New Zealand dancer (born 1976)

Brendan Cole (born 23 April 1976) is a New Zealand ballroom dancer, specialising in Latin American dancing. He is most famous for appearing as a professional dancer on the BBC One show, Strictly Come Dancing from 2004 to 2017. From 2005 to 2009, he was a judge on the New Zealand version of the show, Dancing with the Stars.

==Early life and career==
Cole was born in 1976, in Christchurch, New Zealand. He learned to dance at the age of six, along his brother and sister. As a child, he won the Juvenile, Junior and Youth Champion of New Zealand. He moved to the United Kingdom when he was eighteen, where he studied the pasodoble, ballroom and ballet at Donaheys, Clayton, Manchester. Before becoming a professional dancer Cole was a builder and roof layer, having left school at 17.

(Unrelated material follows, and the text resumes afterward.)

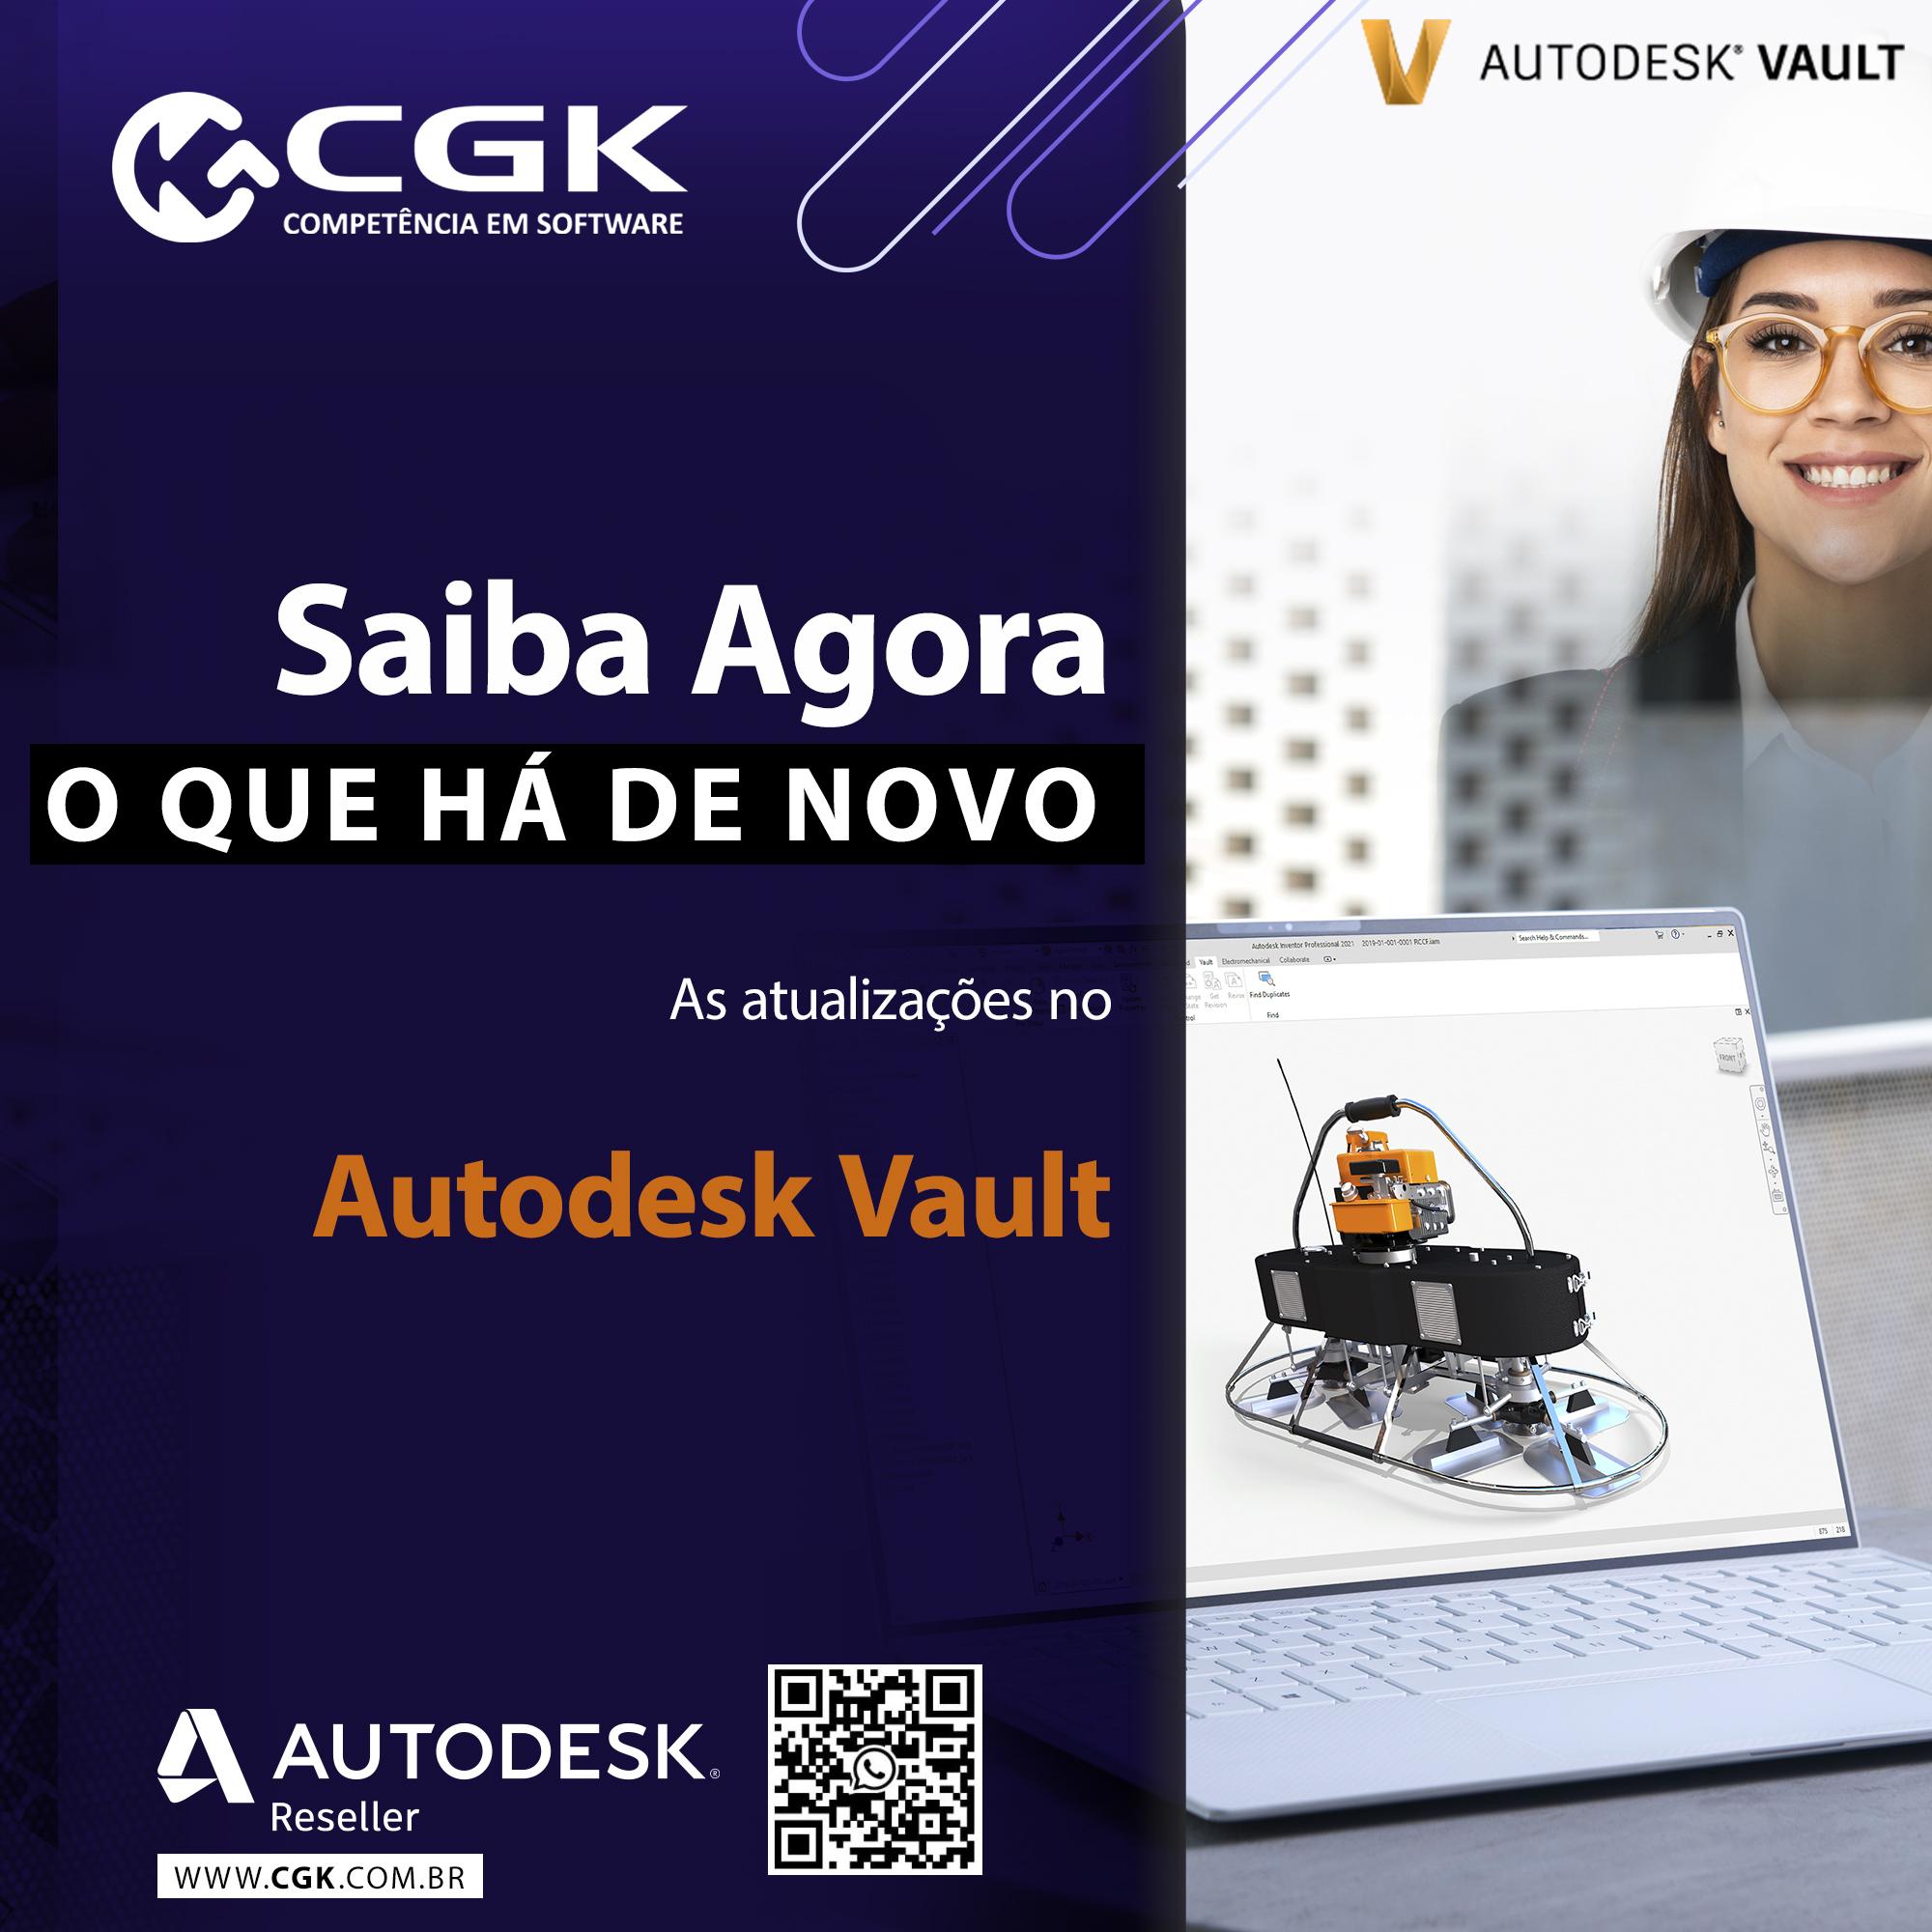 Autodesk Vault 2022

He danced with Camilla Dallerup, a fellow contestant on the BBC's earlier long-running show Come Dancing, as amateurs from 1996 to 1999, and professional from 2002 to 2004. Despite Dallerup being Danish-born, they competed in Latin for New Zealand, for seven years. In 2002, they won the Professional Latin New Zealand National Championships in Auckland. In 2003, they won the Professional Latin Universal Open in Frimley Green, England. and the BATD English Championships in Watford. The same year they won the New Zealand Closed National Championships in Wellington, and won the Taiwan International in Taipei.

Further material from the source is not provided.